▶ [Task details] Starting with the line that contains "Vintage Singer Sewing" and ending with the last line of the listing, print each line exactly. Pictures stay out.

▶ [Data]
- Opening Delimiter -

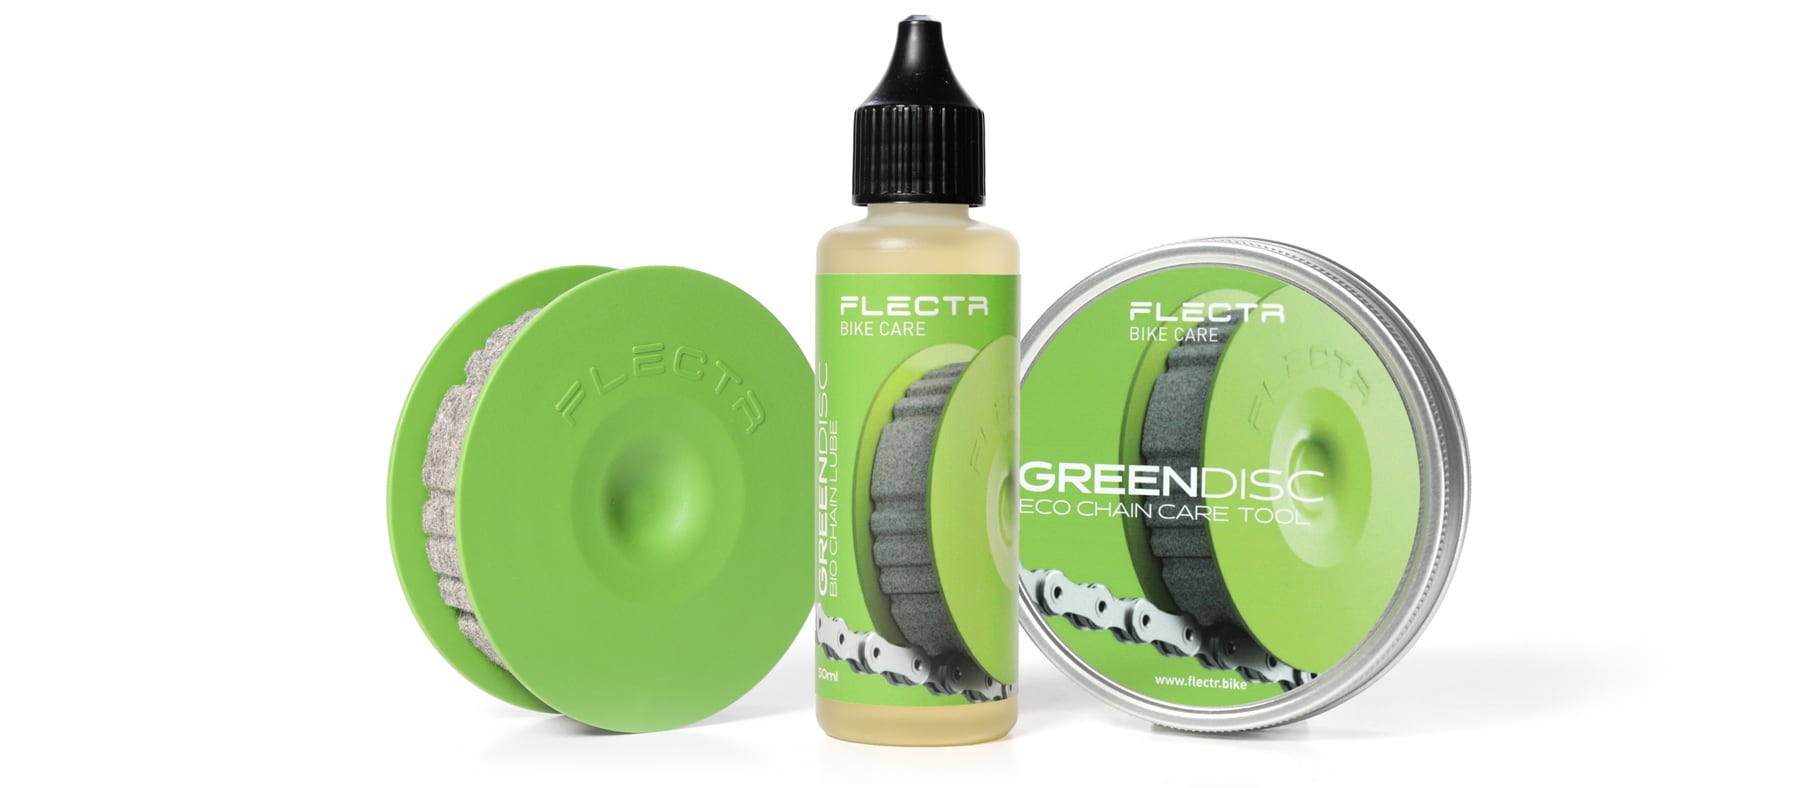 FLECTR GREEN DISC - the original eco-chain care tool
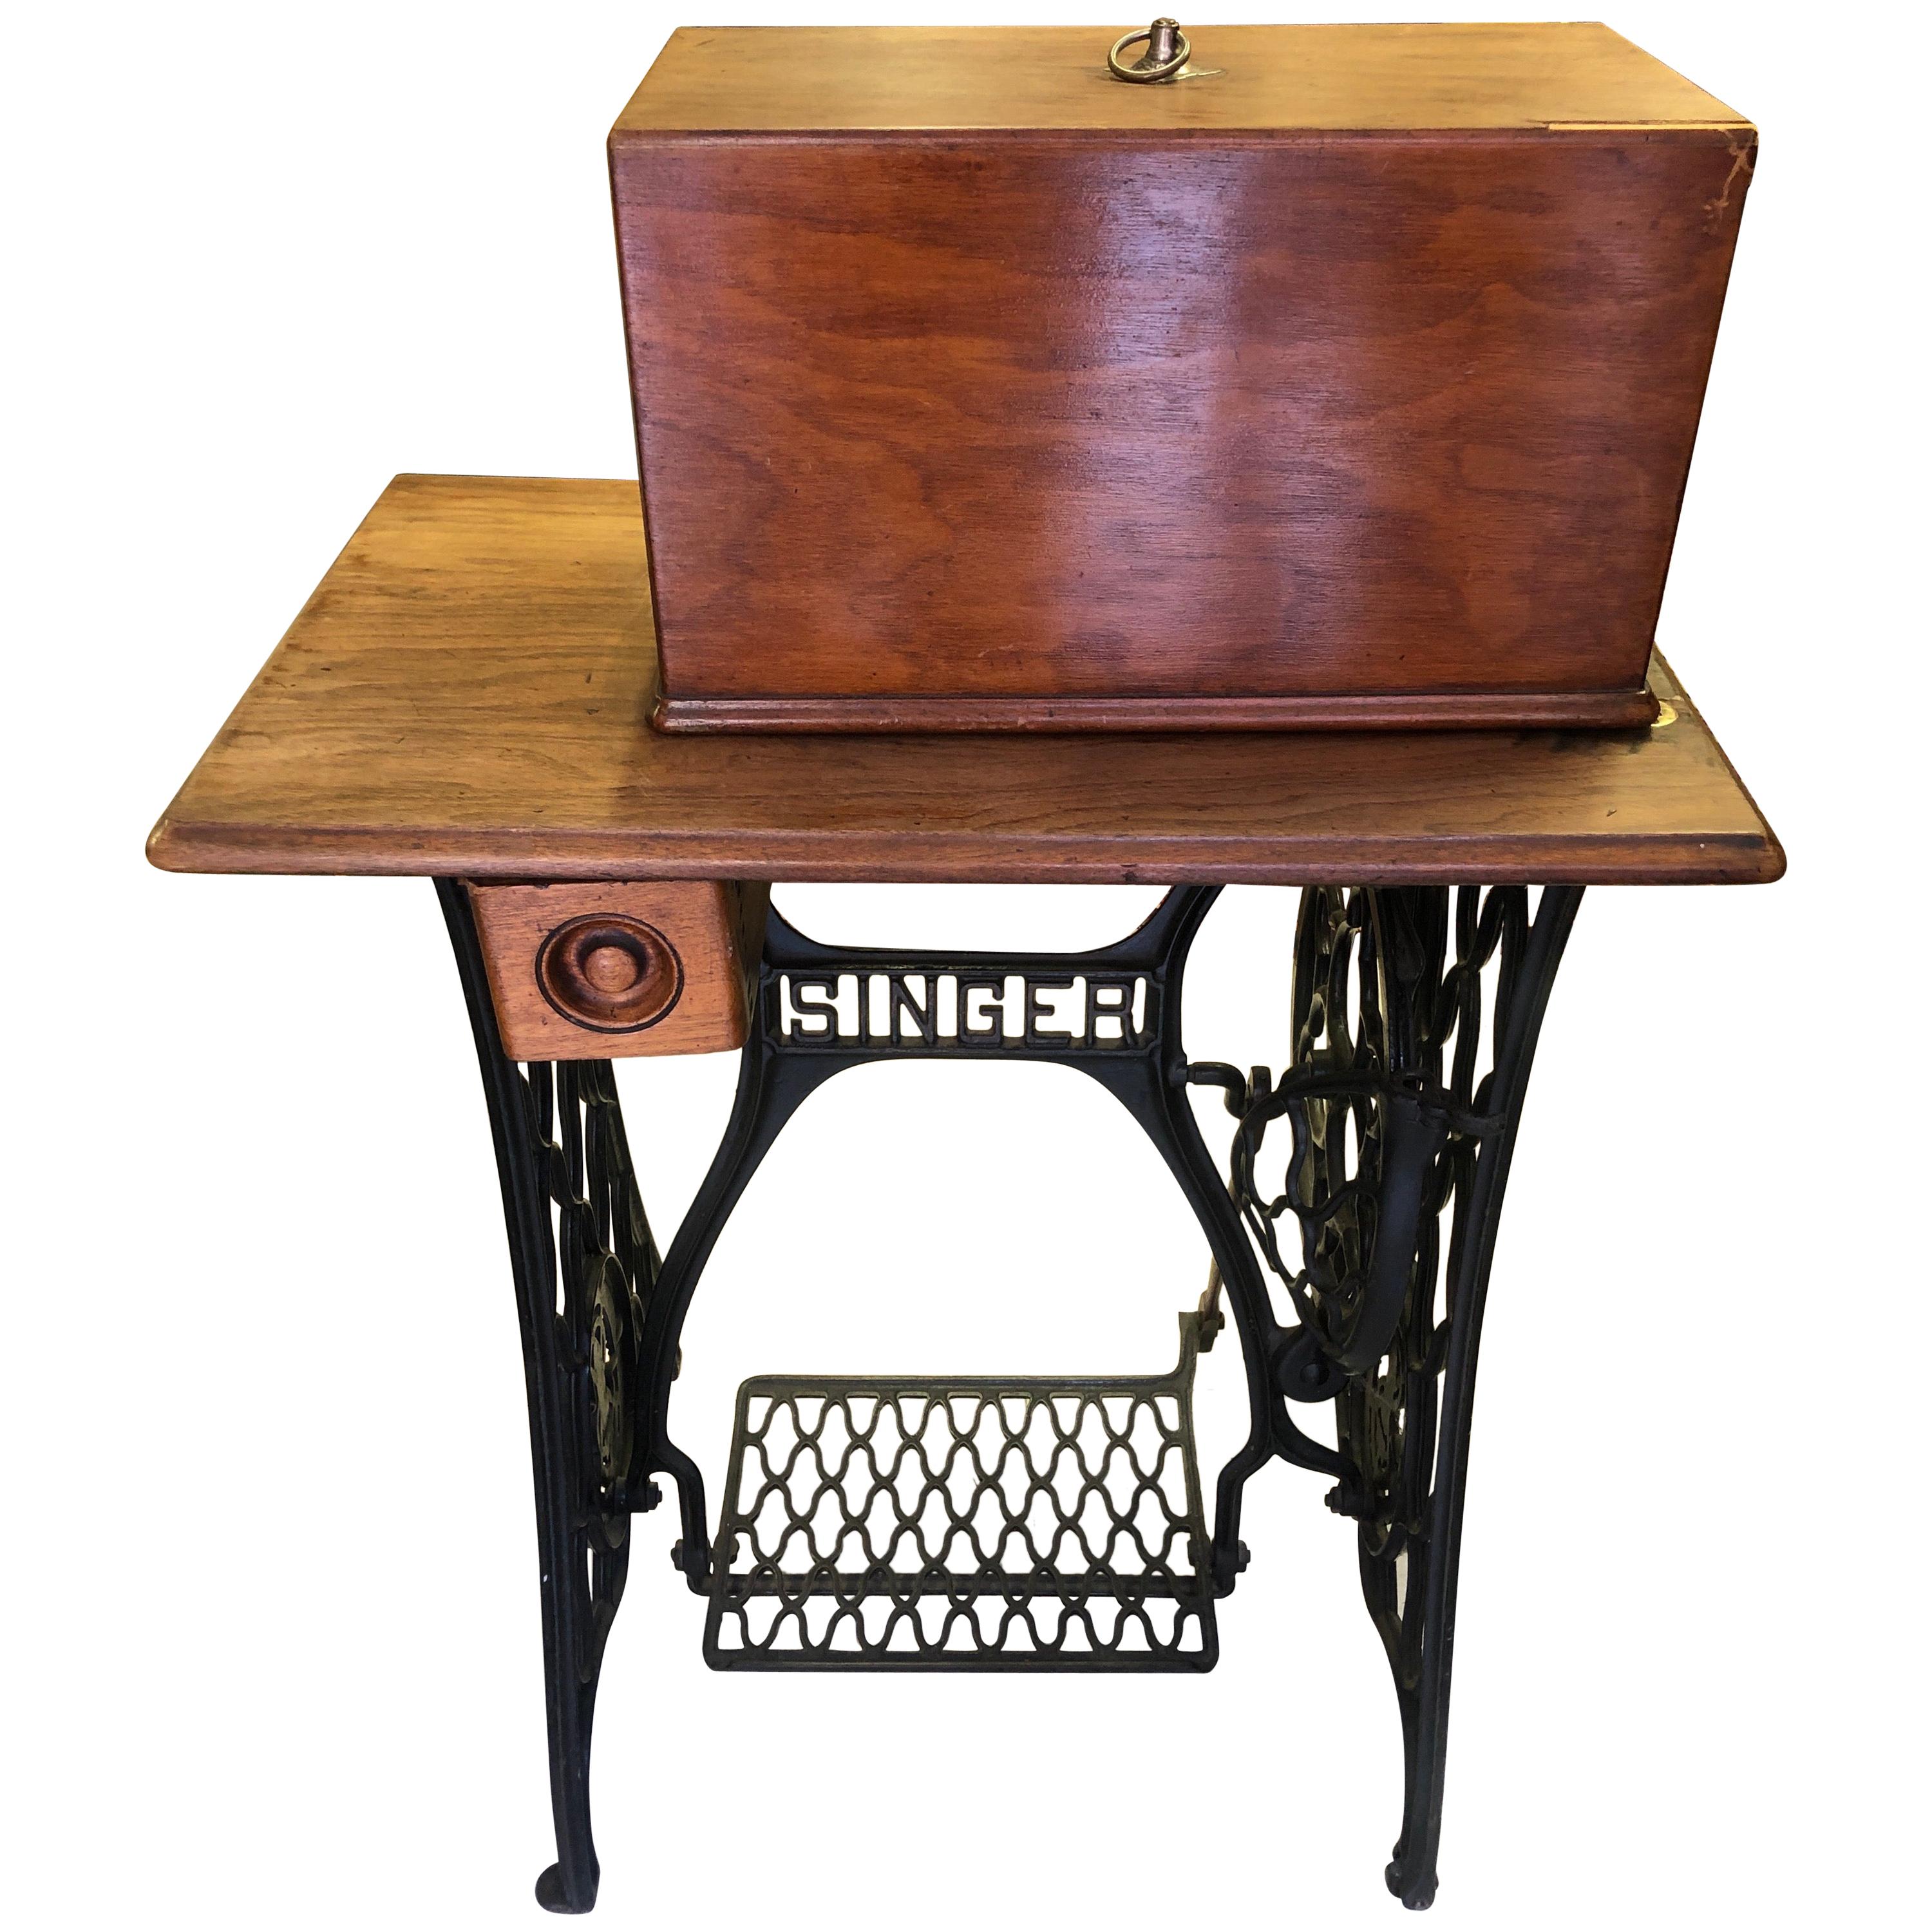 Vintage Singer Sewing Machine on Original Cast Iron Base 
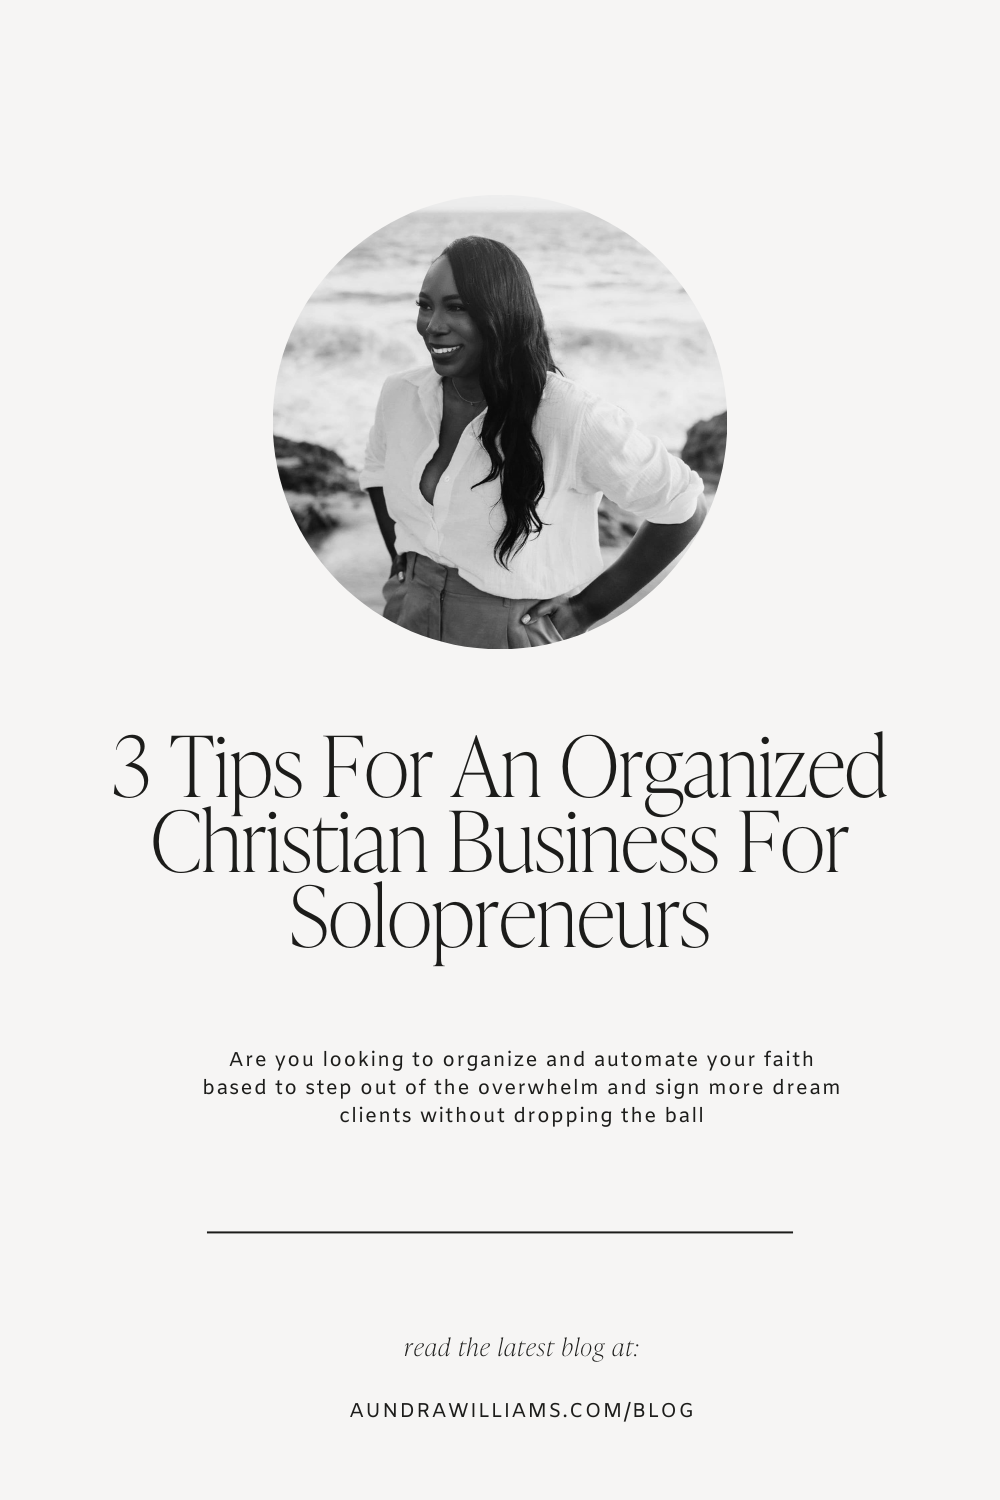 3 Tips For An Organized Christian Business For Solopreneurs
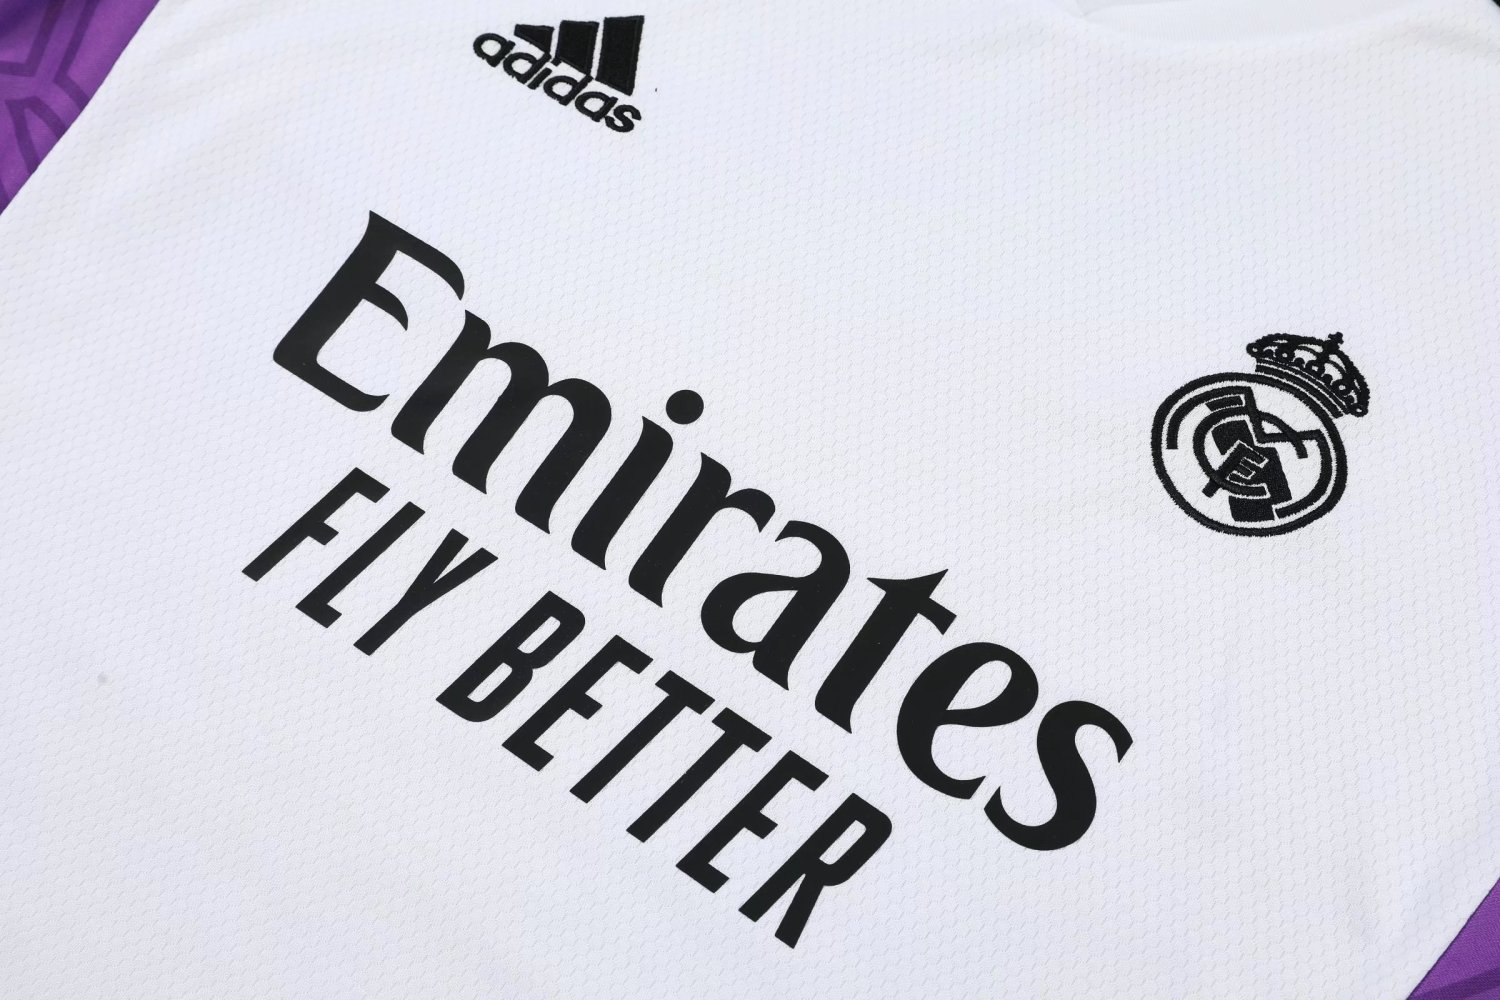 22-23 Real Madrid White Soccer Football Training Kit (Singlet + Shorts) Man

- Closing Delimiter -

▶ [Solution to this task]
 Vintage Singer Sewing Machine on Original Cast Iron Base 
 3 Tips For An Organized Christian Business For Solopreneurs
 22-23 Real Madrid White Soccer Football Training Kit (Singlet + Shorts) Man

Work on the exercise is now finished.